Athanasios Anastasiou received his Bachelor degree in Electrical & Electronic Engineering
from the University of Newcastle Upon Tyne, in 2005. In 2006, he received his M.Sc. degree
in Digital Signal & Image Processing from the University of Central Lancashire. Likewise, in
2009 he obtained his second M.Sc. degree in Biomedical Engineering held by the University of
Patras and the National Technical University of Athens (N.T.U.A.). Since 2011, he is a member
of the Biomedical Engineering Laboratory of N.T.U.A., and a Ph.D. candidate in Biomedical
Engineering (University of Patras and N.T.U.A.). His current research interests comprise Bioin-
formatics, Biosignal Processing, Digital Image Processing and technologies for assisted living.
He is a Member of the Institute of Electrical and Electronics Engineers (IEEE) - EMBS Society
and Computer Society, Member of the Institution of Engineering and Technology (IET) and a
member of the Technical Chamber of Greece (TEE).

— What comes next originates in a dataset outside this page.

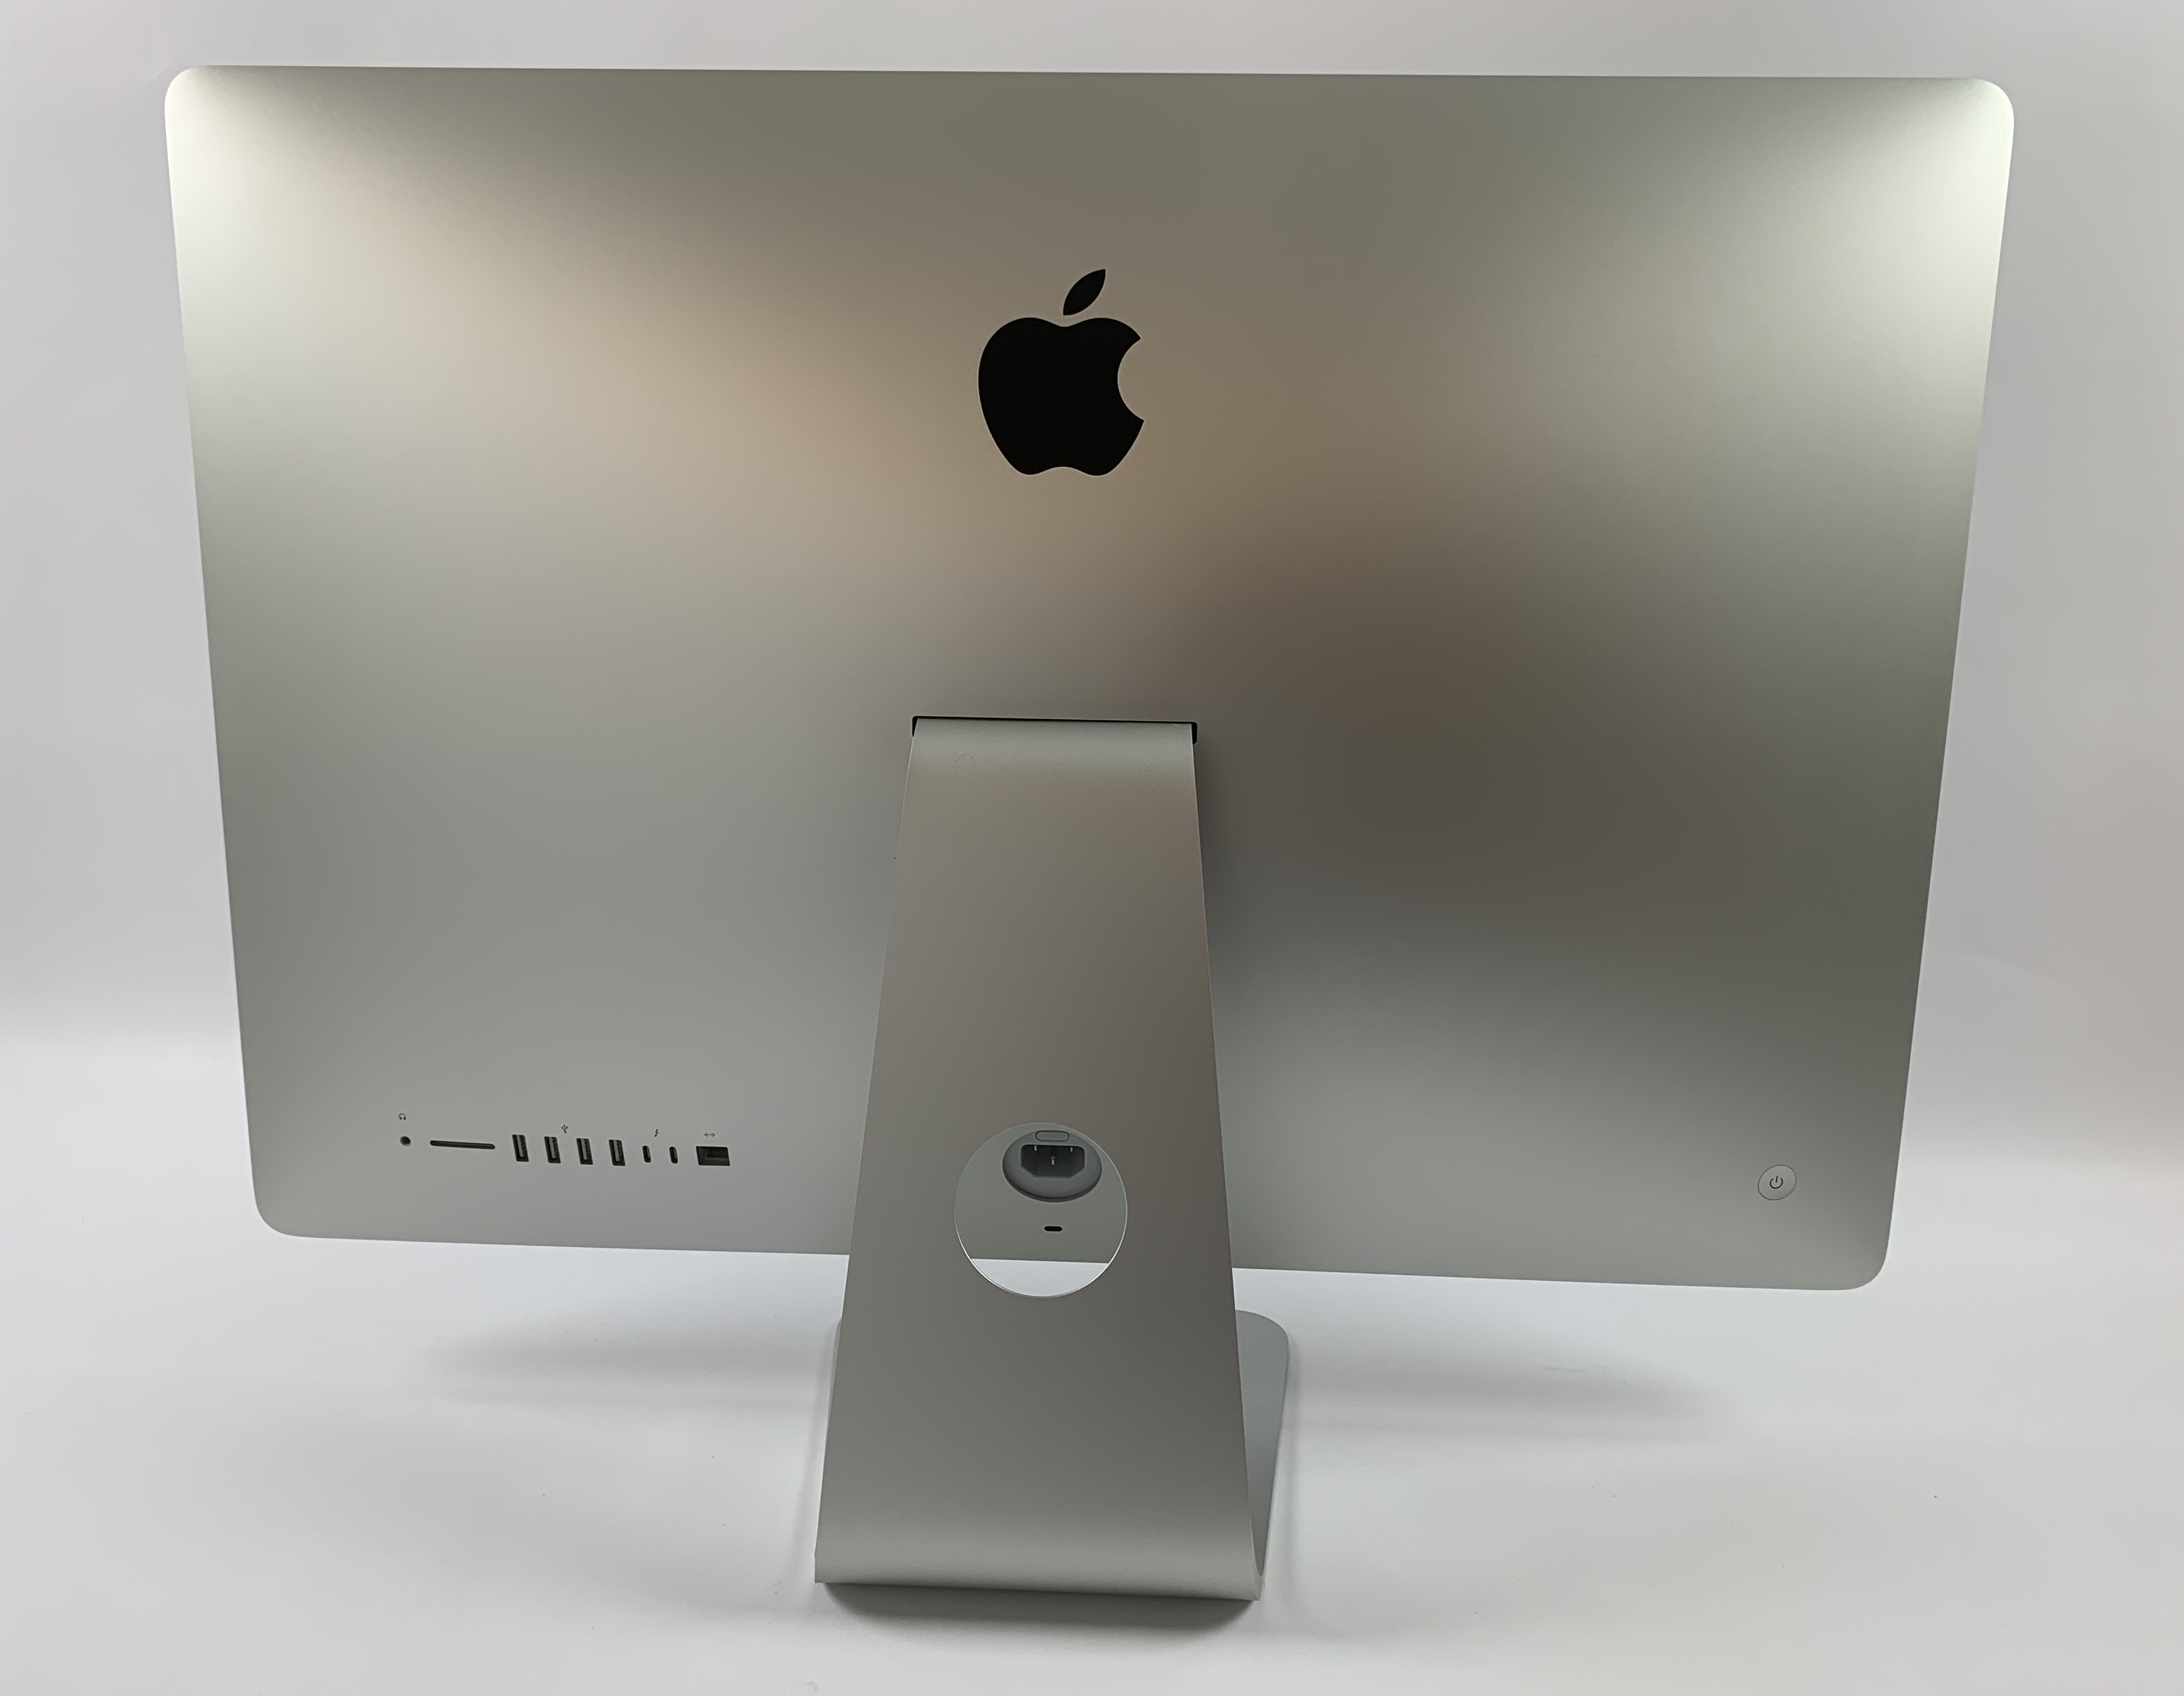 iMac 27" Retina 5K Mid 2020 (Intel 6-Core i5 3.1 GHz 128 GB RAM 256 GB SSD), Intel 6-Core i5 3.1 GHz, 128 GB RAM, 256 GB SSD, Bild 2

Charalampos Tsirmpas was born in Athens in 1984. In 2009 he graduated from the School of
Electrical and Computer Engineering of the National Technical University of Athens (NTUA),
specializing in telecommunications. Since 2009 he is a PhD candidate at the Biomedical Engineer-
ing Laboratory of NTUA. His research interests include areas such as Bioinformatics, Telemetry,
Telemedicine, and secure transmission of medical data. Also, his PhD research focuses on the
“Internet of Things” in healthcare applications. He is a member of the Institute of Electrical
and Electronics Engineers (IEEE) and the Technical Chamber of Greece (TEE).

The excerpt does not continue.